Data section =>
· · · · ·

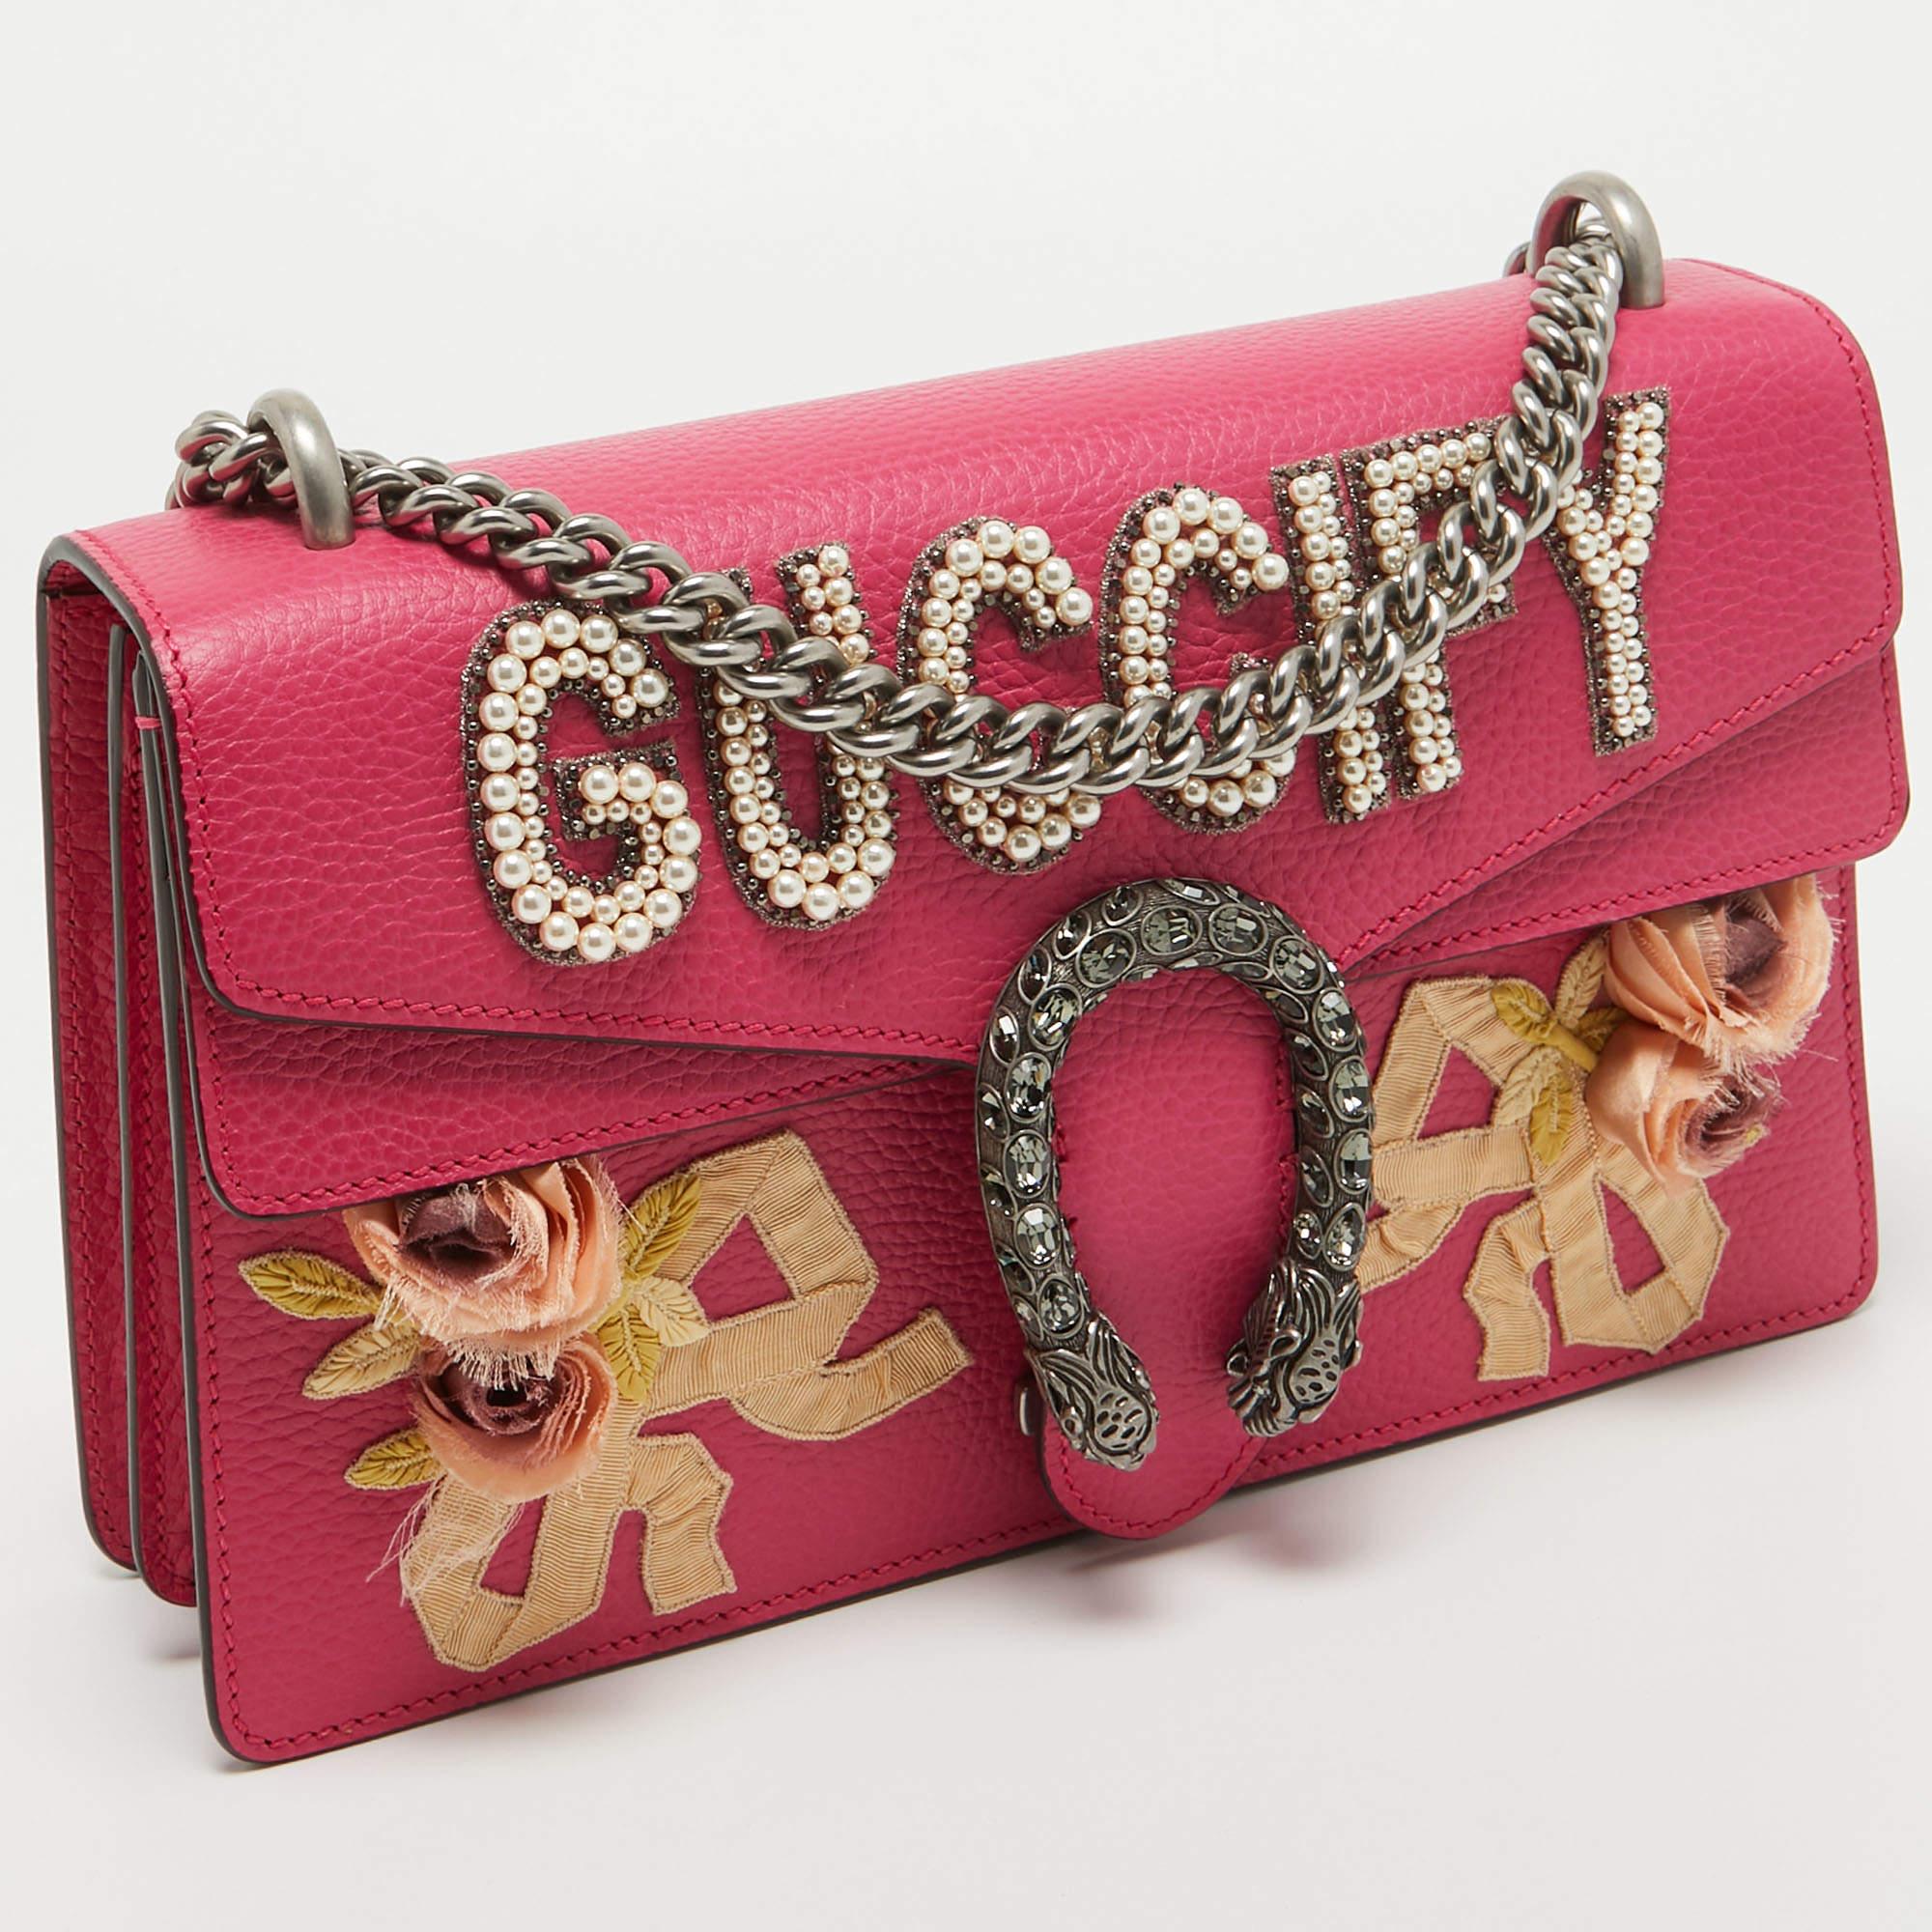 Gucci Magenta Leather Small Guccify Pearl Embellished Dionysus Shoulder Bag For Sale 3
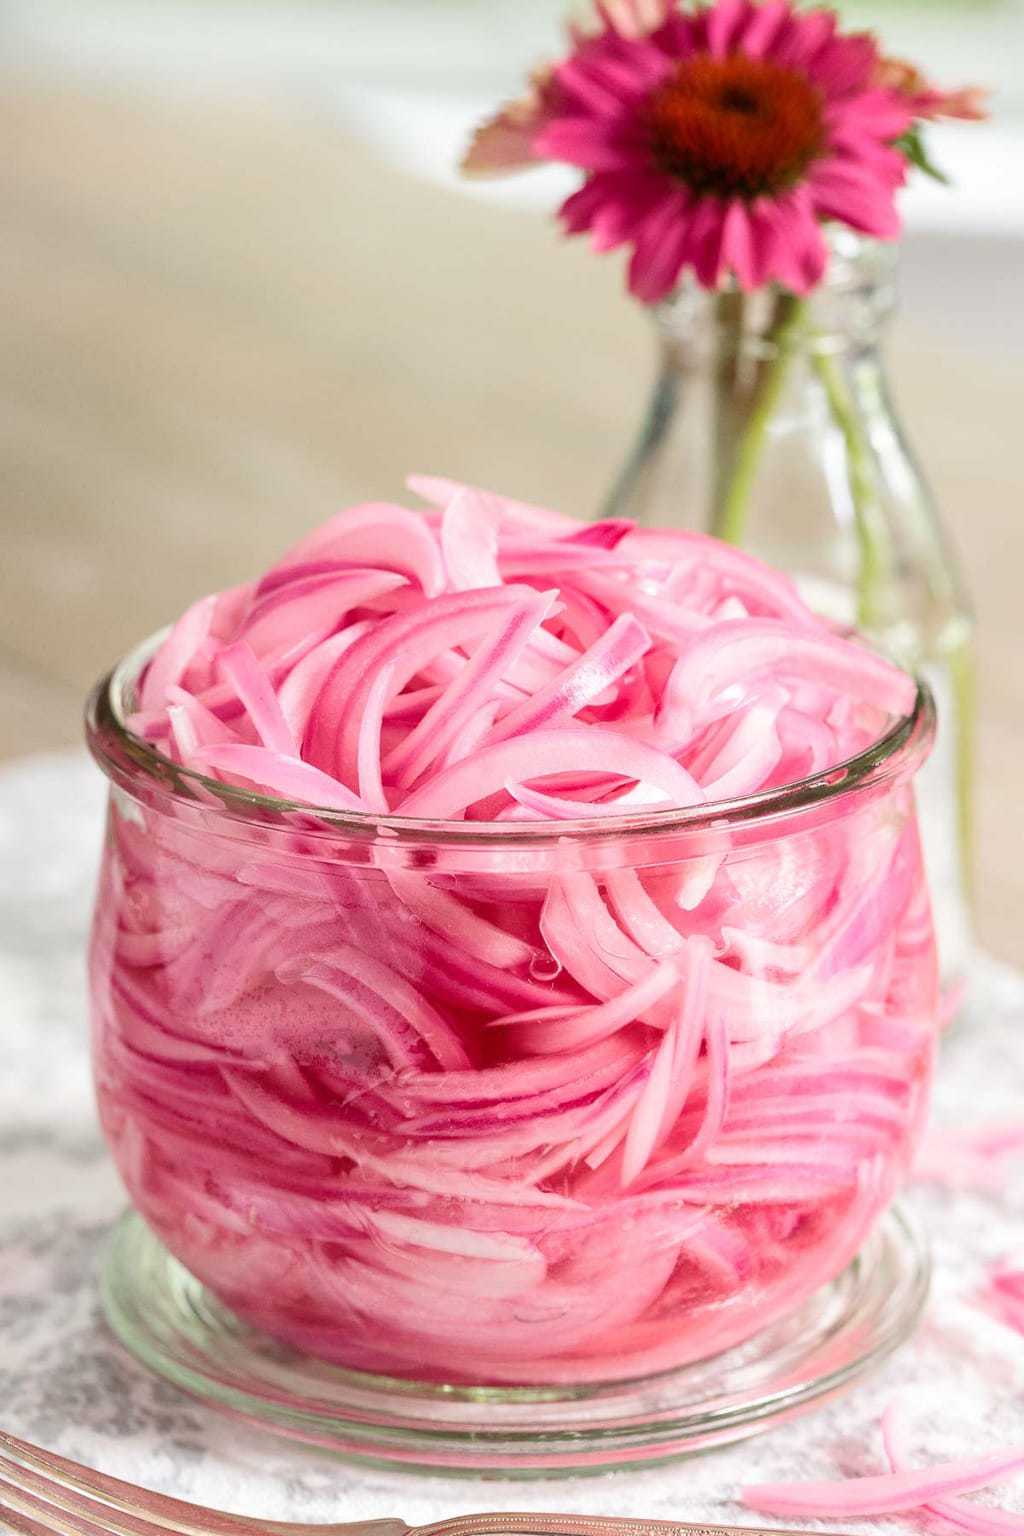 Photo of a glass jar of Pickled Red Onions on a table with a coneflower in a vase in the background.
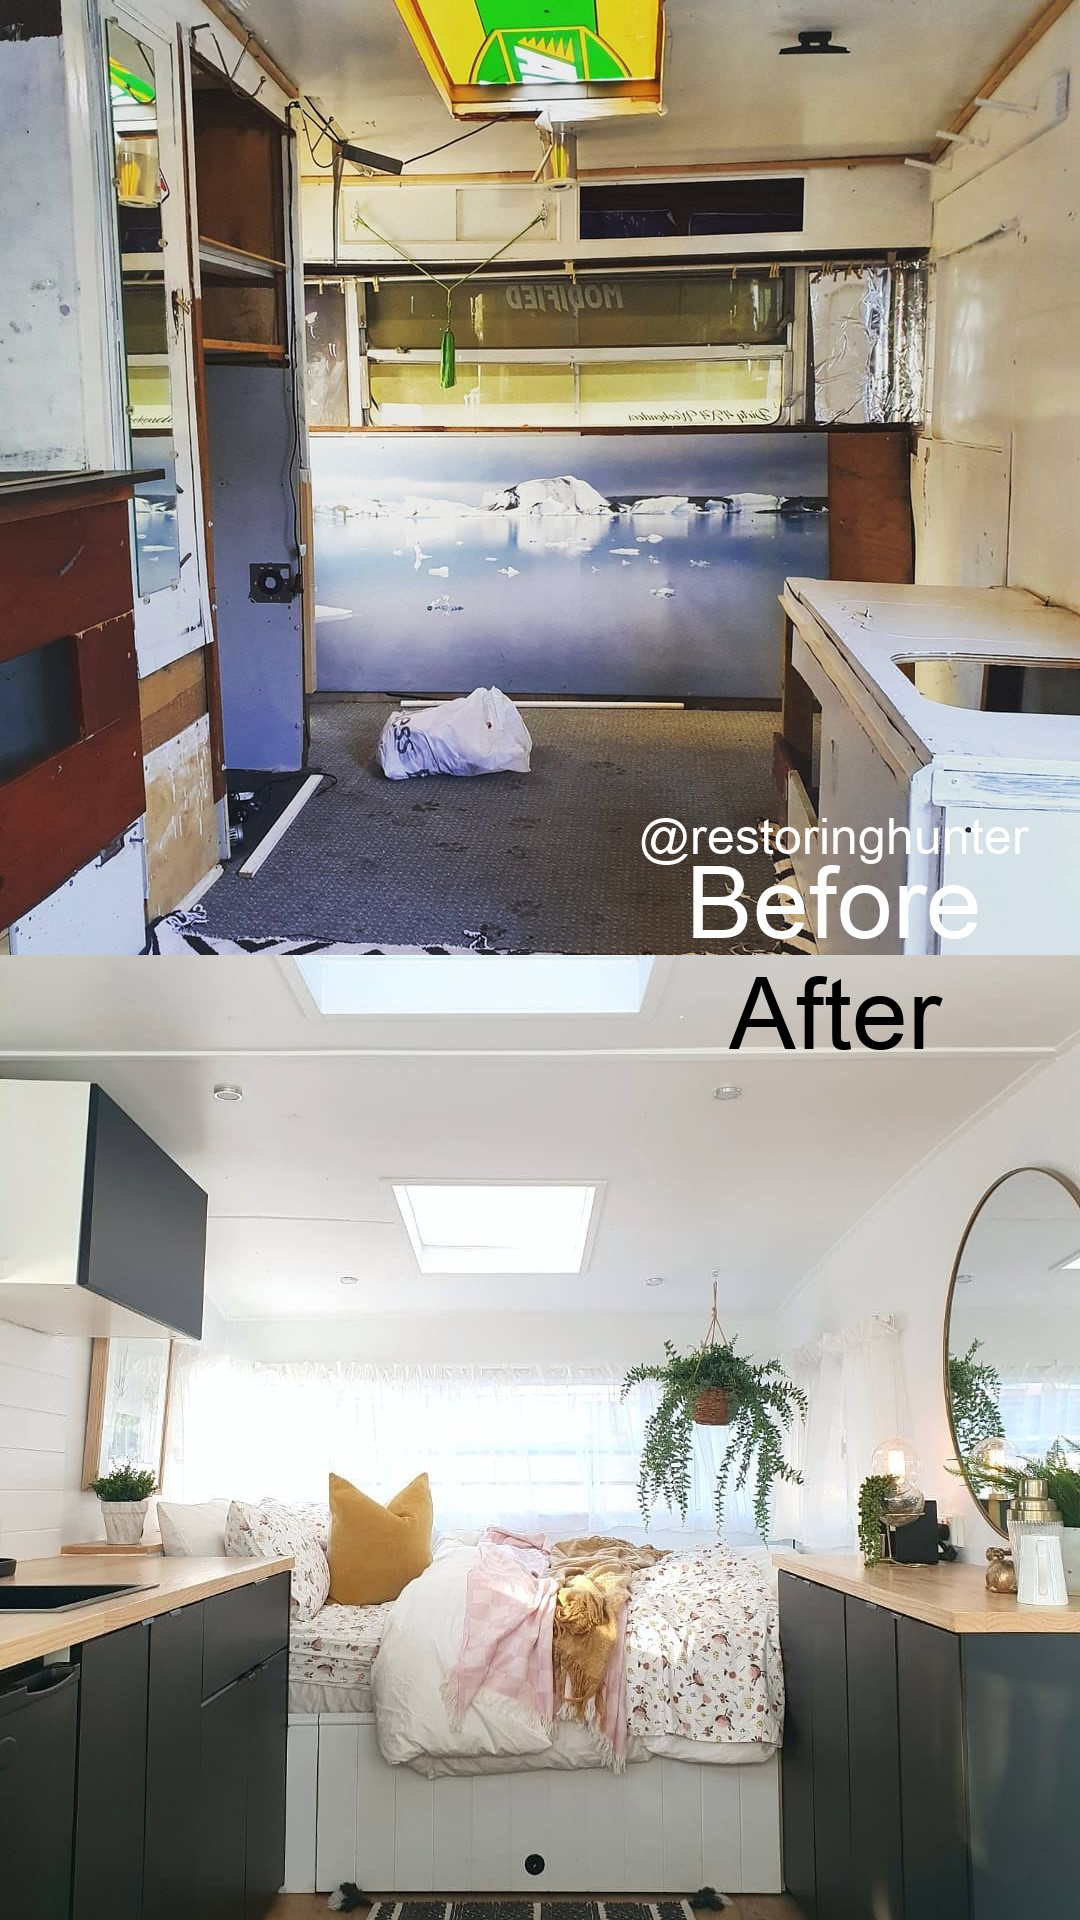 Before and after photos of the interior of a renovated vintage caravan.

· · · · ·

What is being asked =>
Any images must be dropped; all other material is to be printed exactly.

Response below =>
 Gucci Magenta Leather Small Guccify Pearl Embellished Dionysus Shoulder Bag For Sale 3
 Photo of a glass jar of Pickled Red Onions on a table with a coneflower in a vase in the background.
 Before and after photos of the interior of a renovated vintage caravan.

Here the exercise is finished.